Data shown:
--

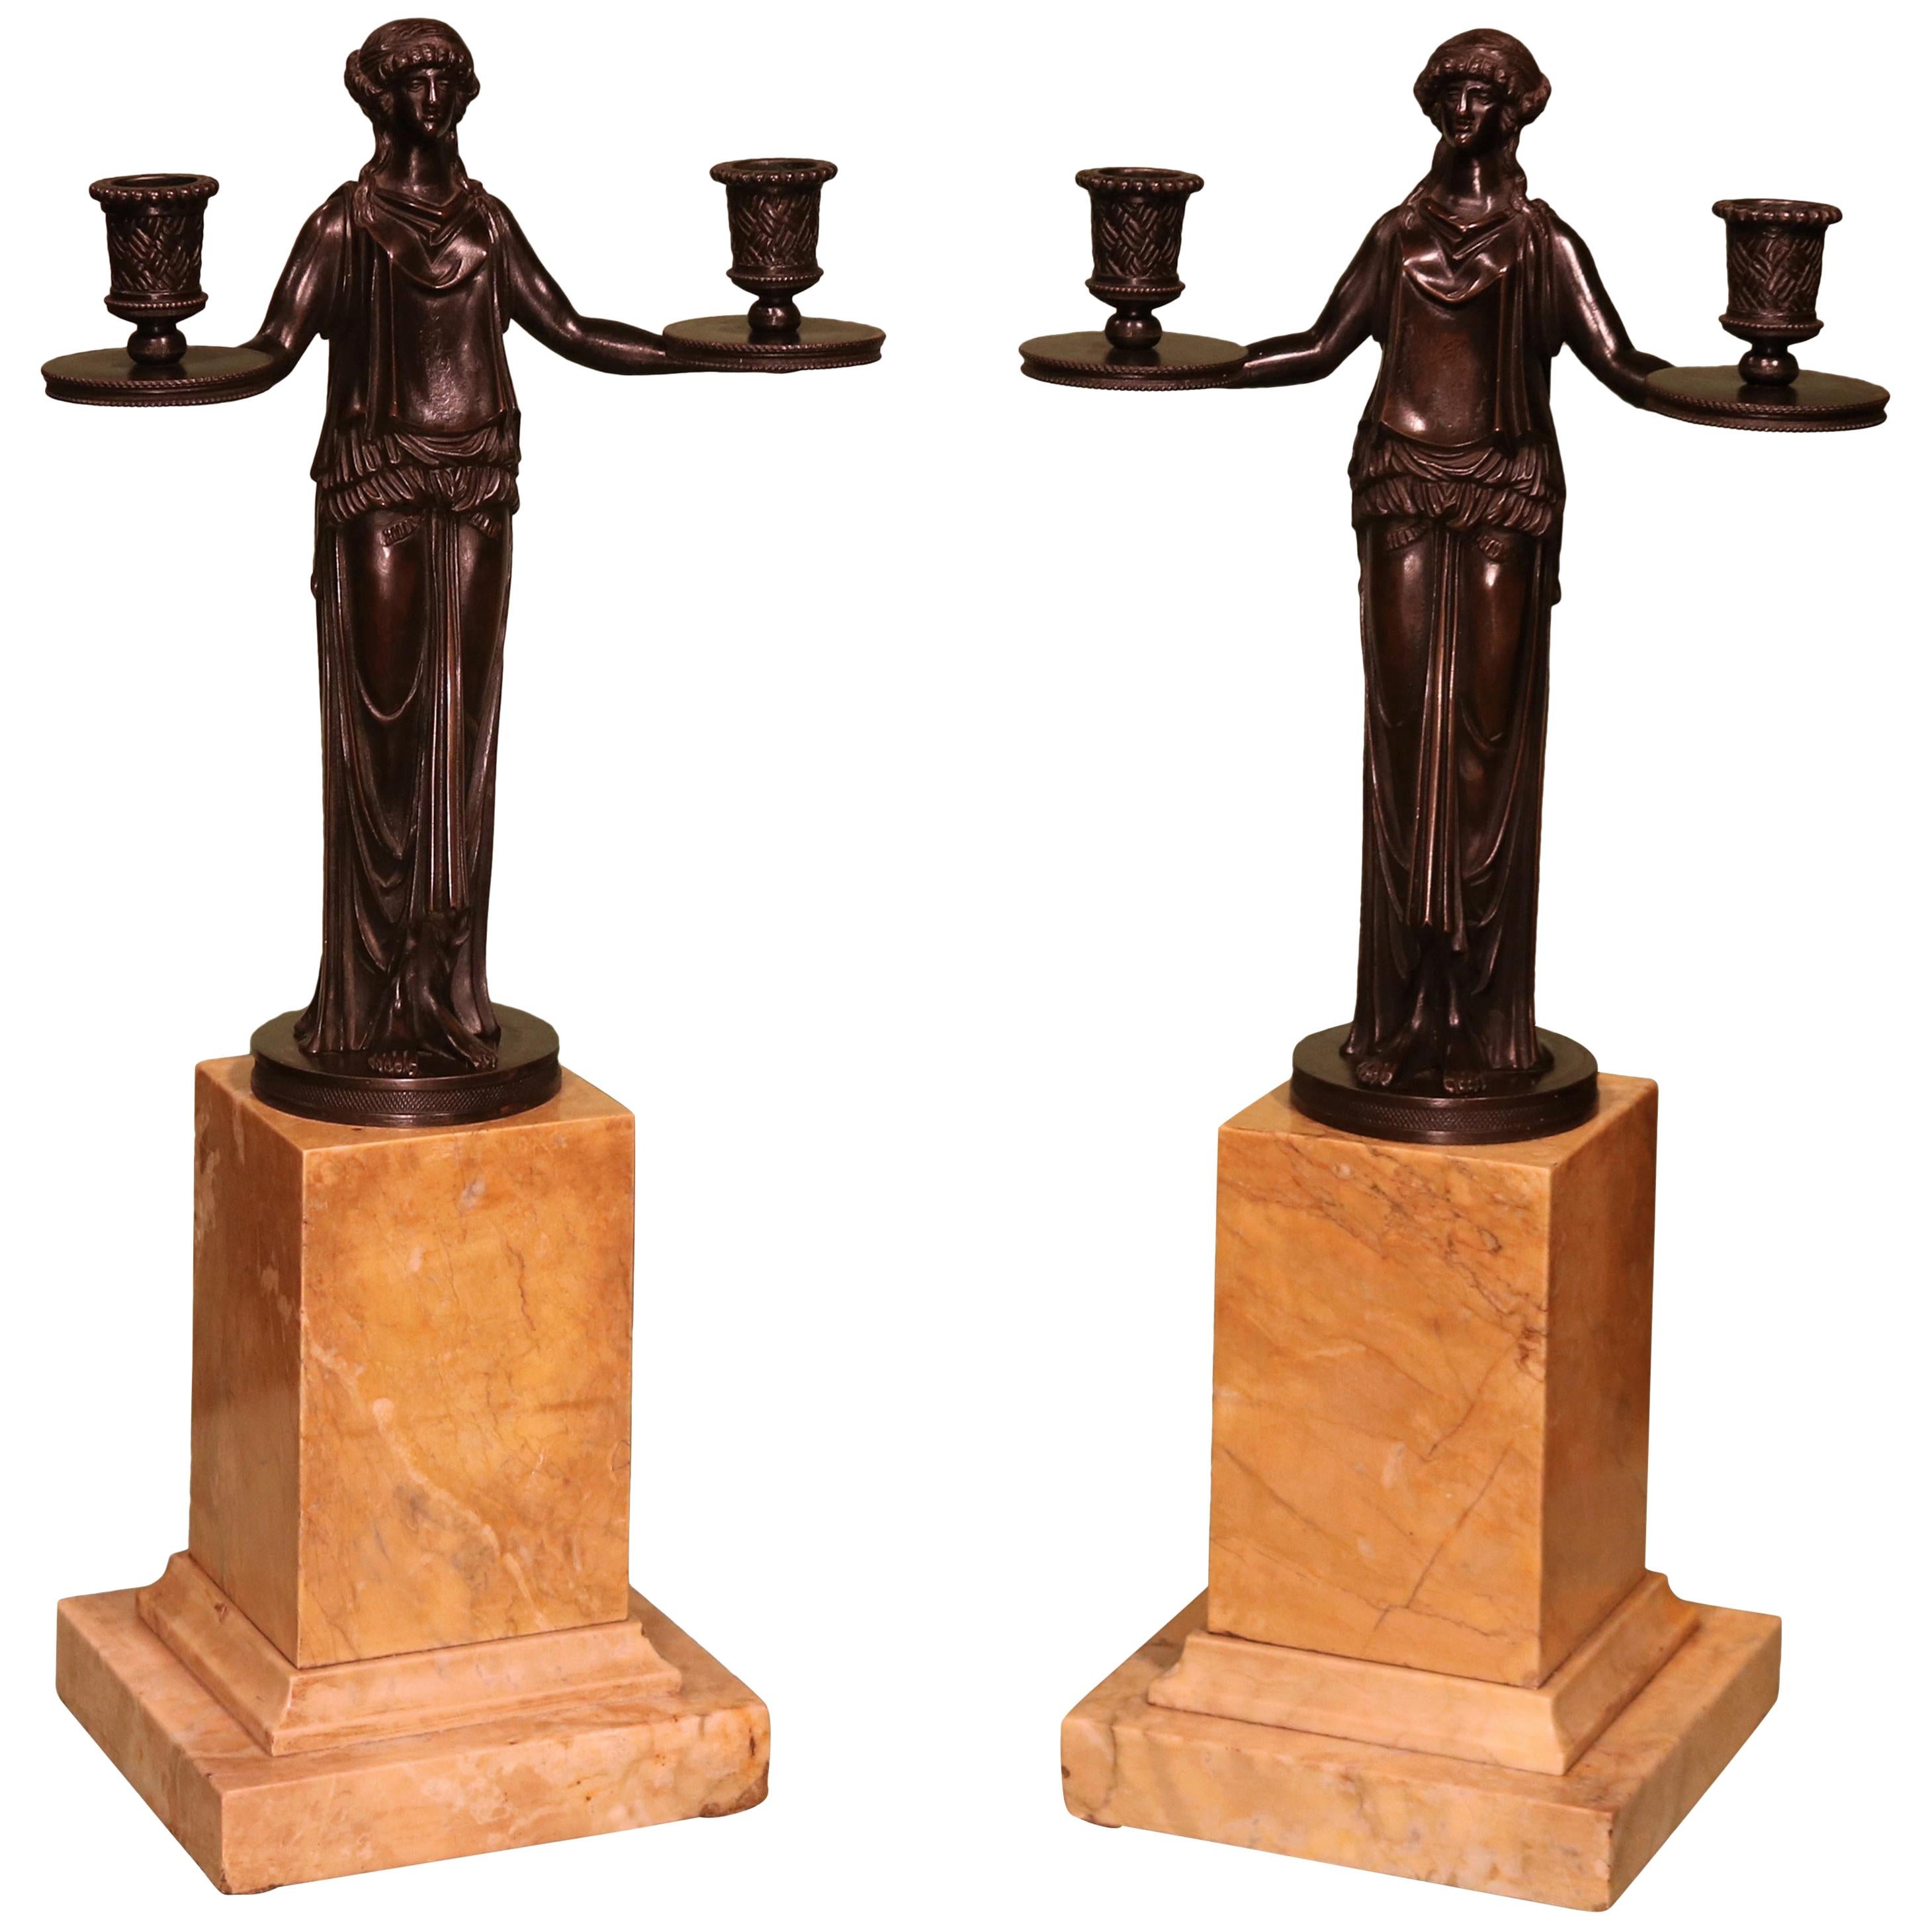 19th Century Two-Light Bronze and Marble Candelabra in the manner of Thomas Hope For Sale
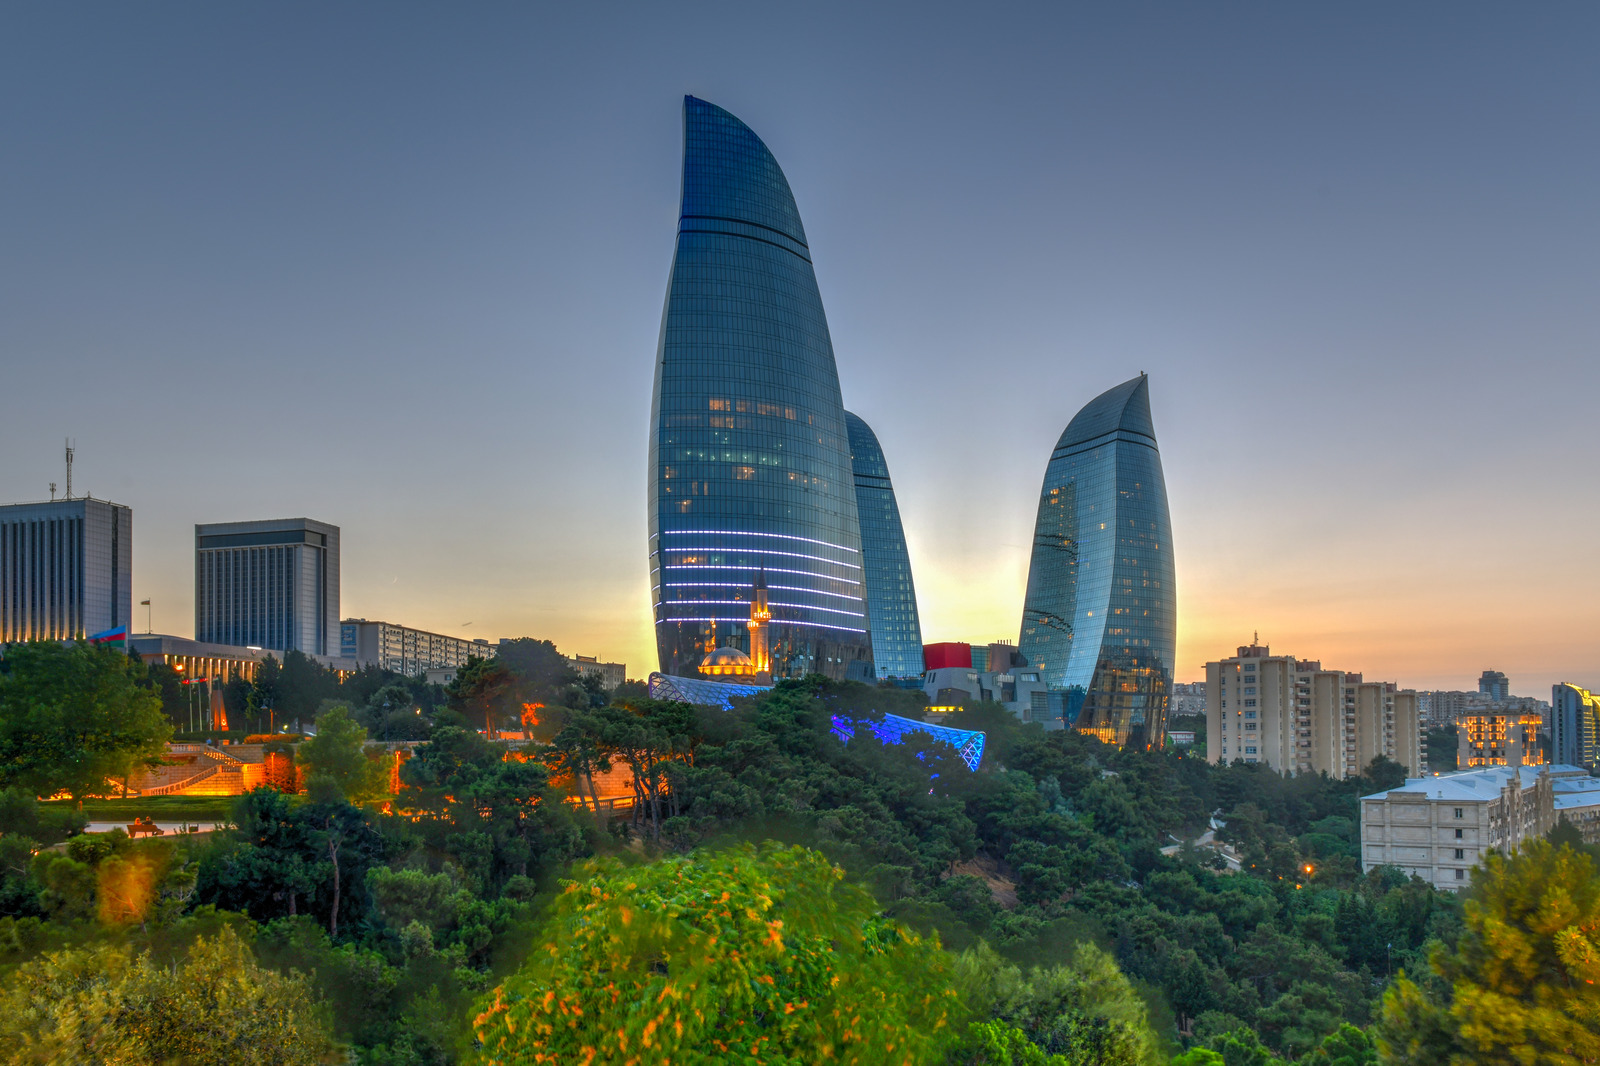 The Flame Towers in Baku, Azerbaijan. A view of the city skyline on a dramatical sunset.
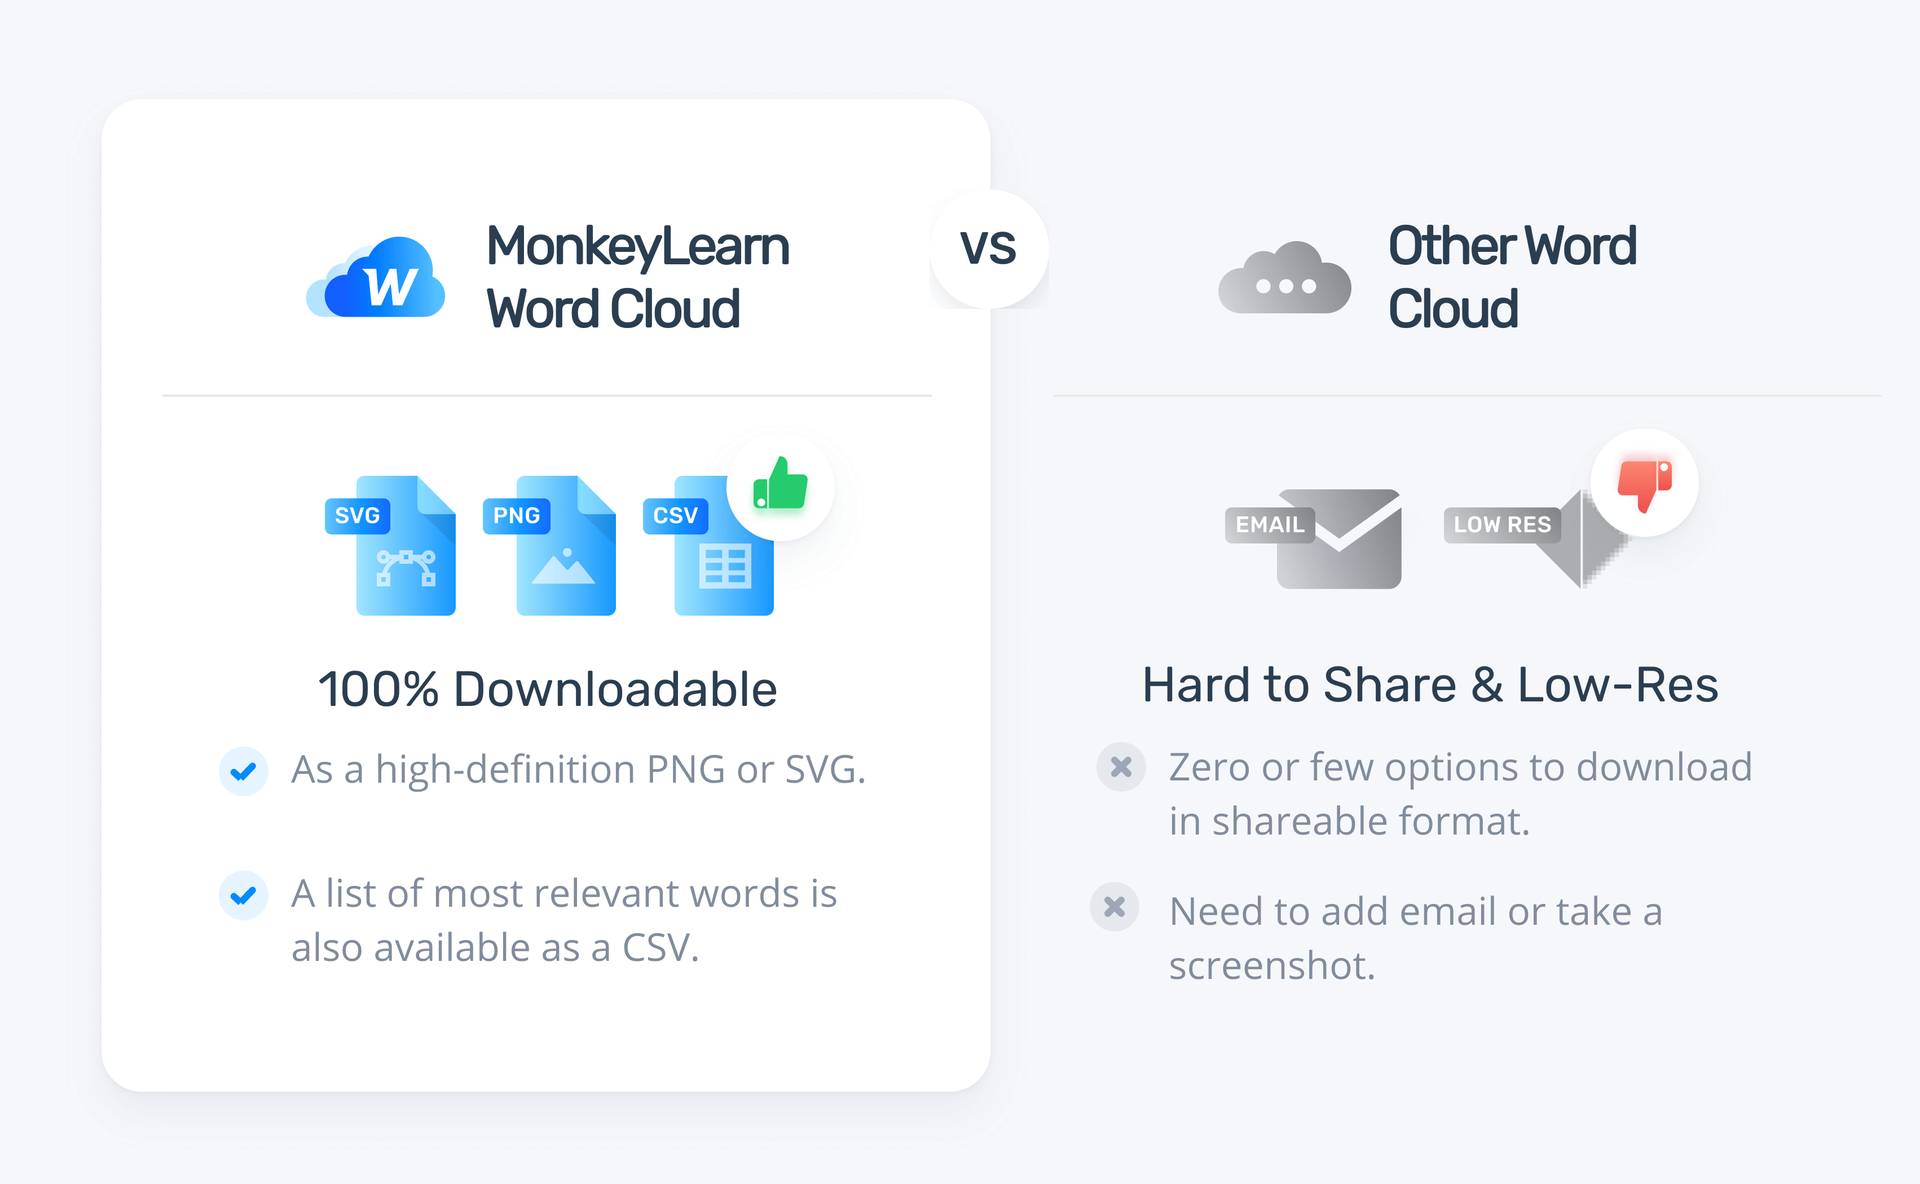 MonkeyLearn's options to download: CSV, PNG, SVG. Other word clouds provide low-res image options

--

Task prompt:
Reproduce the entire listing exactly, except for any pictures it contains.

Output below:
 19th Century Two-Light Bronze and Marble Candelabra in the manner of Thomas Hope For Sale
 The Flame Towers in Baku, Azerbaijan. A view of the city skyline on a dramatical sunset.
 MonkeyLearn's options to download: CSV, PNG, SVG. Other word clouds provide low-res image options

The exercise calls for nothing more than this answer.